- Country: United States
- Location: Calhoun County, Texas
- Status: Proposed
- Owner: Long Mott Energy

Nuclear power station
- Reactor type: HTGR
- Reactor supplier: X-energy
- Thermal capacity: 800 MW_{th}

Power generation
- Nameplate capacity: 320 MW_{e}

= Long Mott Generating Station =

Proposed nuclear power station

The Long Mott Generating Station is a planned nuclear power station in Calhoun County, Texas. It will consist of four 80 MW_{e} Xe-100 small modular reactors (SMRs) and is being developed by X-energy and Dow Chemical Company. The plant will produce both power and process heat for Dow's Seadrift chemical facility, which is currently powered by natural gas, and is expected to come online in the early 2030s. It is expected to be the first commercial facility in the United States to use an advanced reactor for process heat.

== History ==
X-energy, a Rockville, Maryland-based SMR developer, received $80 million in 2020 from the Department of Energy's Advanced Reactor Demonstration Program (ARDP) to build four units of their 80 MW_{e} (200 MW_{th}) Xe-100 SMR, as well as to build a fuel fabrication facility for TRISO fuel.

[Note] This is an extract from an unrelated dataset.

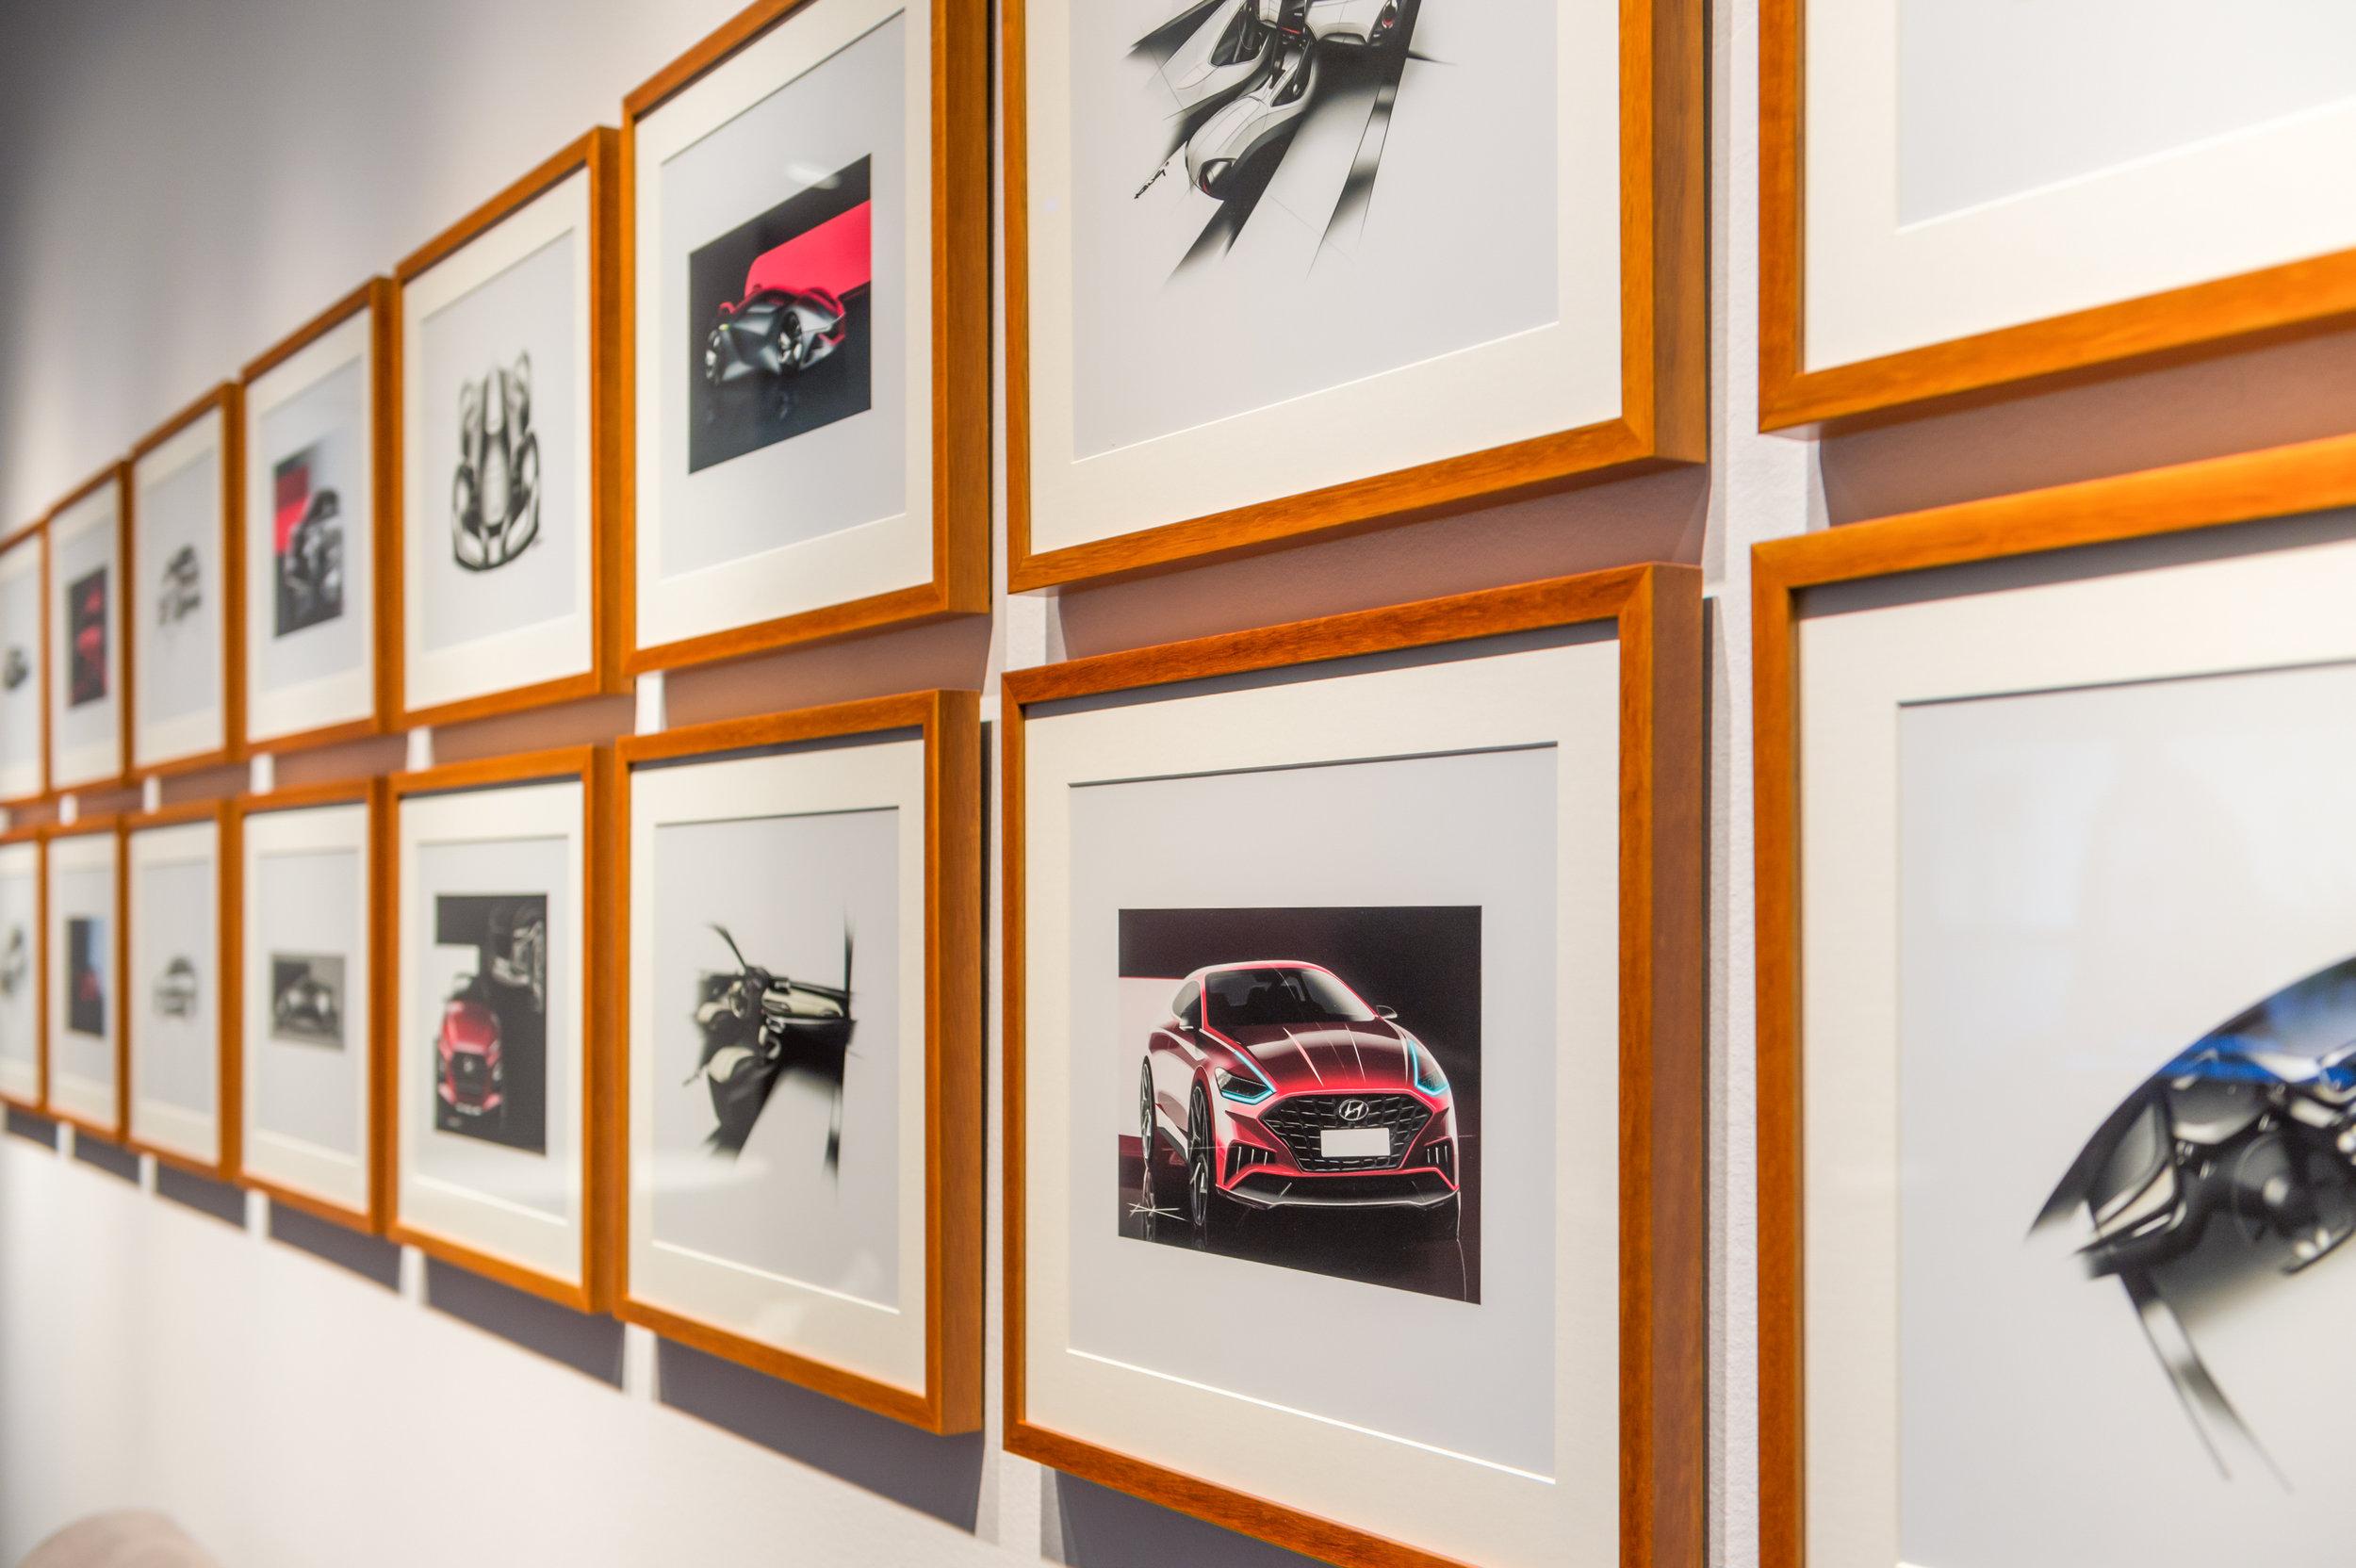 OHelloMedia-Hyundai-Christie'sAuctionHouse-TopSelect-53.jpg

Union Carbide, a subsidiary of Dow, operates the Seadrift Operations site, also known as Long Mott. The site manufactures around 4 billion pounds of plastics and other materials per year. Natural gas turbines located onsite supply both electricity and process heat.

In May 2023, X-energy and Dow announced the selection of the Seadrift Operations site for deployment of four Xe-100 reactors. During operation, two reactors would supply electricity to the facility while the third would supply 200 MW_{th} of heat in the form of steam. The fourth would supply and sell power to the grid. The project will receive milestone-based funding through the ARDP.

X-energy broke ground on their TX-1 fuel fabrication facility, which will fabricate the company's proprietary TRISO-X fuel, in Oak Ridge, Tennessee in 2022. The facility is supported by the ARDP as well as the Inflation Reduction Act.

Dow's subsidiary, Long Mott Energy, LLC, submitted their construction permit to the Nuclear Regulatory Commission (NRC) on March 31, 2025. The NRC expects to complete their review within 18 months. However, Dow stated that they may not make a final decision to fund the project until 2028, after submitting an operating license application to the NRC.